Web scrapping is a common task for script languages like python.
Yet Python standard libraries provide twisted utility to couple with this simple task.
urllib[23$] ruins my python newbie days.
To achieve cookie support, you have to import cookielib, create a new cookie jar via the factory method, subclass a opener from the urllib, and finally use the forged opener to make a request.
Bloated boilerplate code does not seem pythonic at all. We want a simple scrapping utility that provides concise API like http verbs and, preferably, automatic session management. Request is the library comes to rescue.
The structure of Request:
model irons response and request parameters into unified objects. Both
Response supports generator style and file style. Magic methods empowers
Request pythonic syntax. The most dirty works(say, encoding stuffs) lies here.
session acts as controller in MVC design. It combines adapter, which sends request, authentication and cookie session. Request’s streamlined API stems from an interface mocking real browsers.

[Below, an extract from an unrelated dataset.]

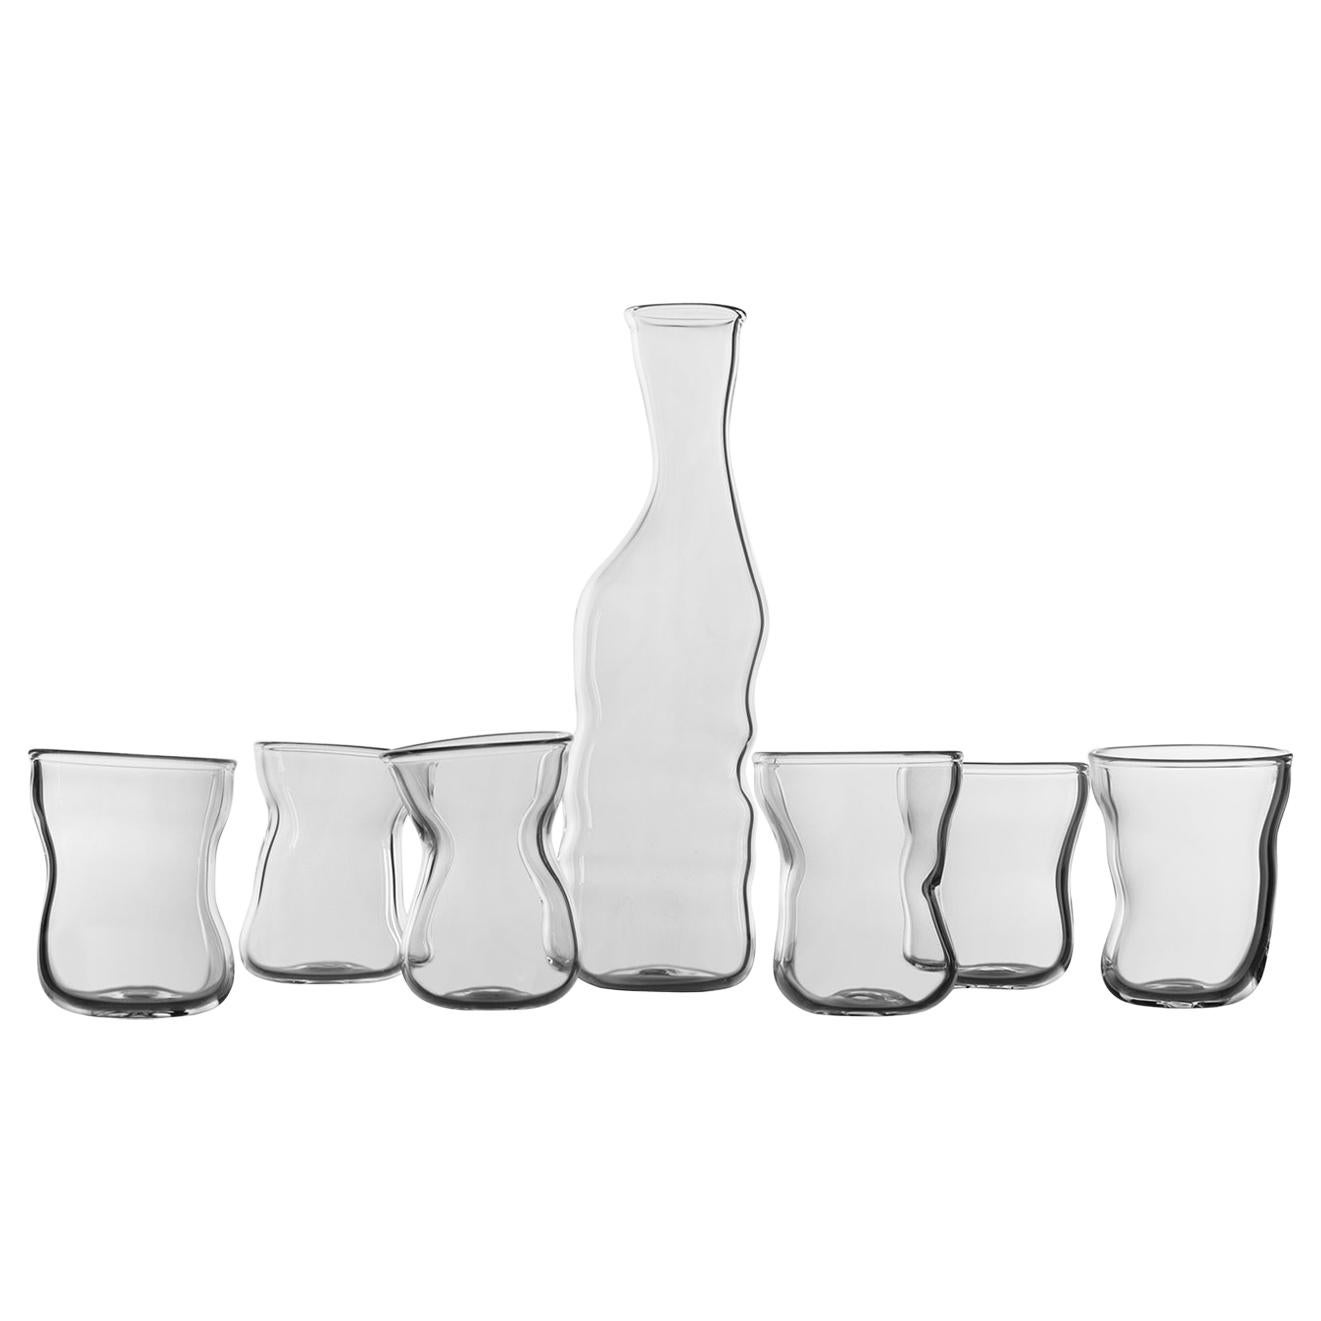 "Storti Set" Hand Blown Glasses and Bottle by Simone Crestani
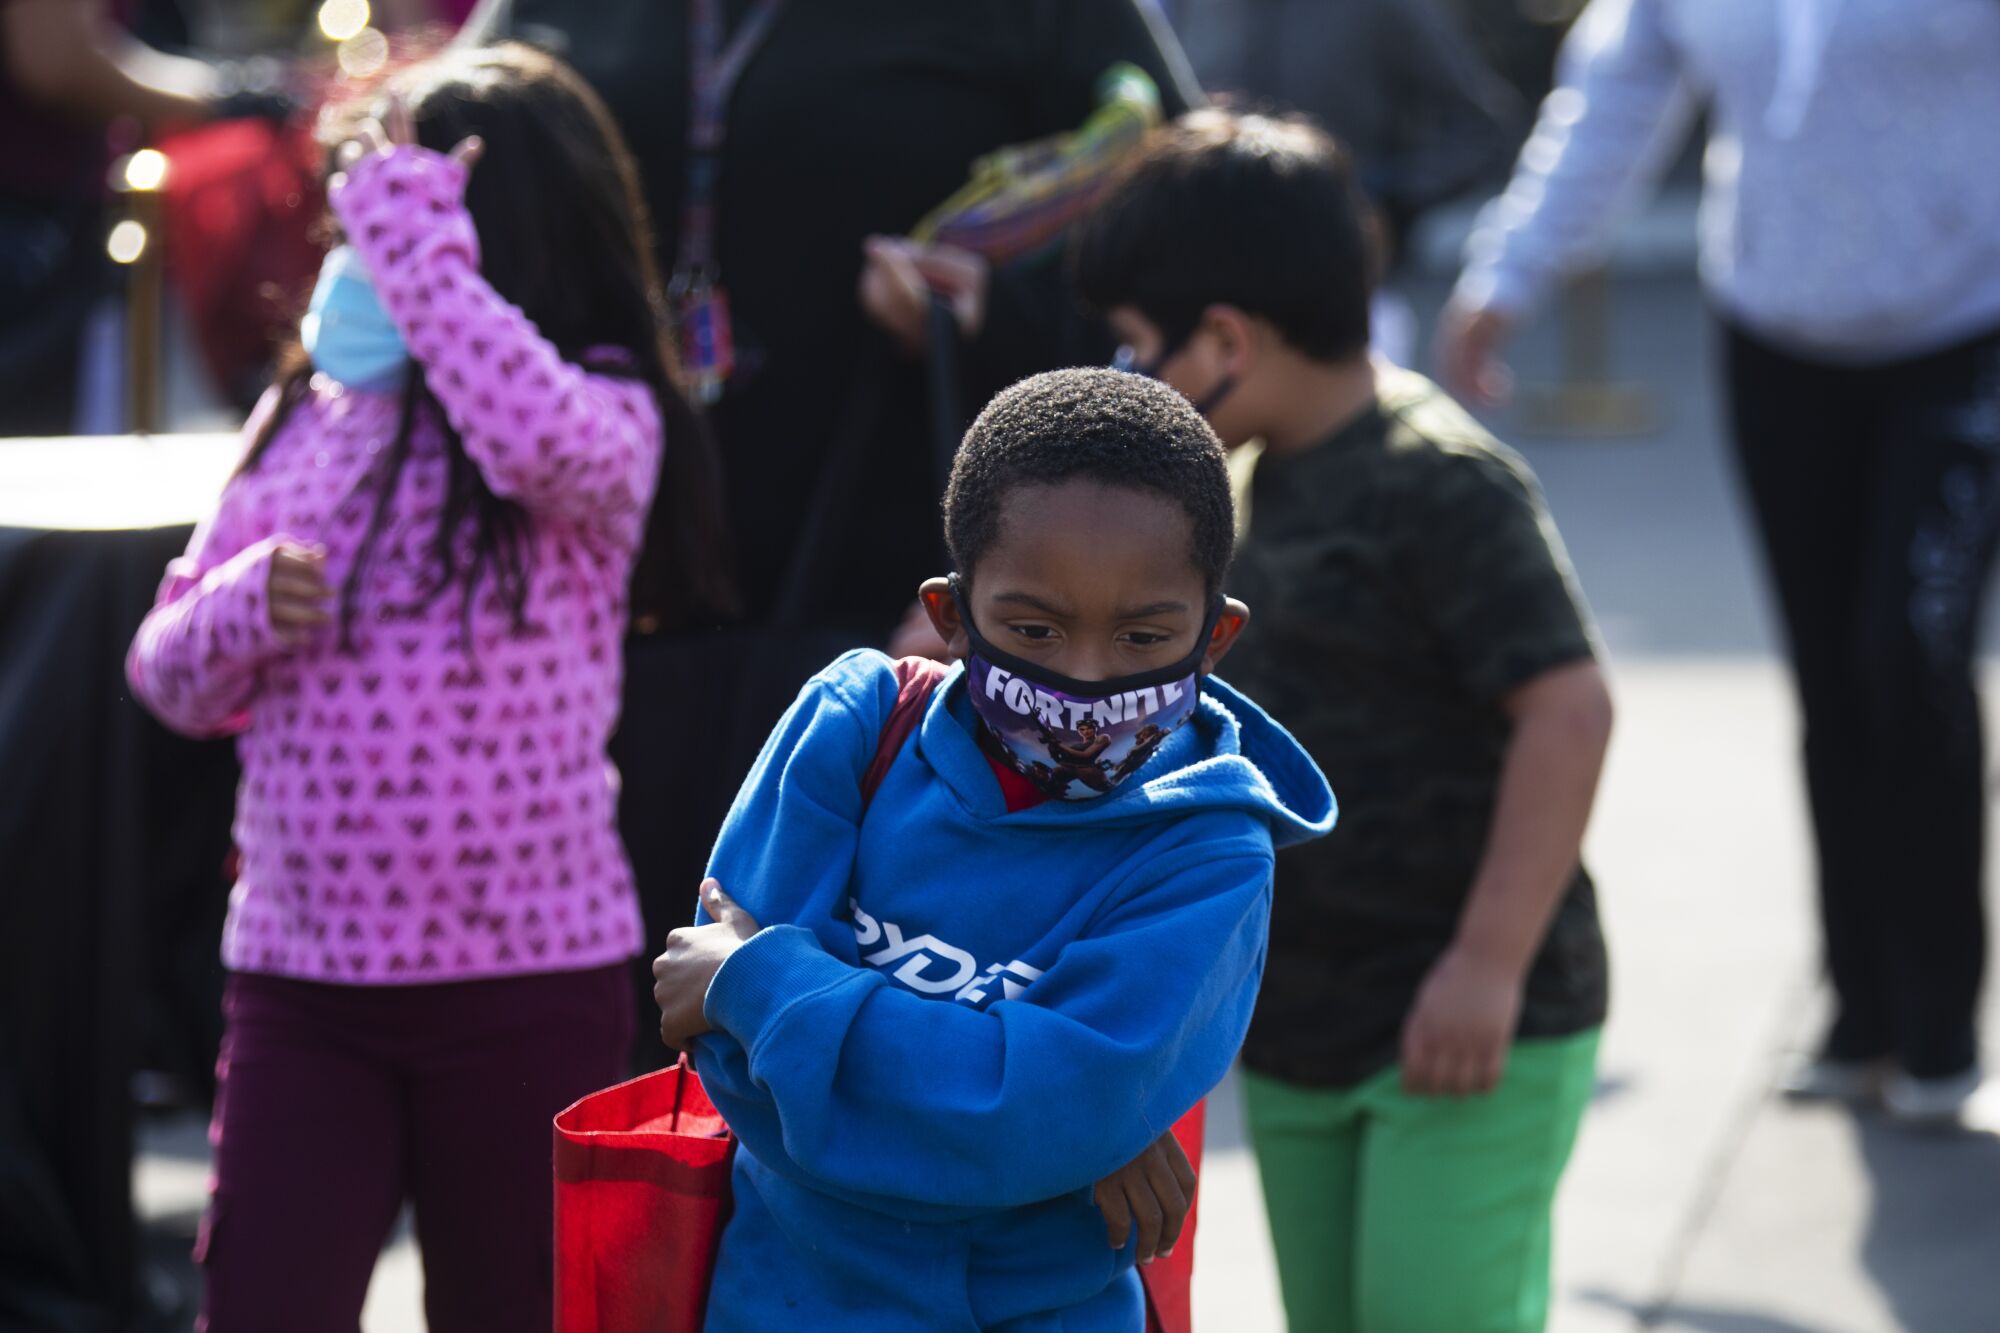 A little boy in a blue sweatshirt and Fortnite masks crosses his arms with a red tote bag over his shoulder

adapter is a wrapper of urllib3, supporting connection pool management,
keep-alive request and proxies.
api is just an alias for
1. open session 2. prepare request 3. send request. And all other modules are helpers that do stuffs like encoding and making auth token.
The design philosophy under Request is :
Simple is better than functionality, however, it still grants users plenty of features.
Specific as the library aims to be, the philosophy underlying it applies much wider. jQuery’s almighty $, Chrome’s omnipotent omnibox, Google’s preeminent search engine and etc. Simplicity rocks, Usability counts.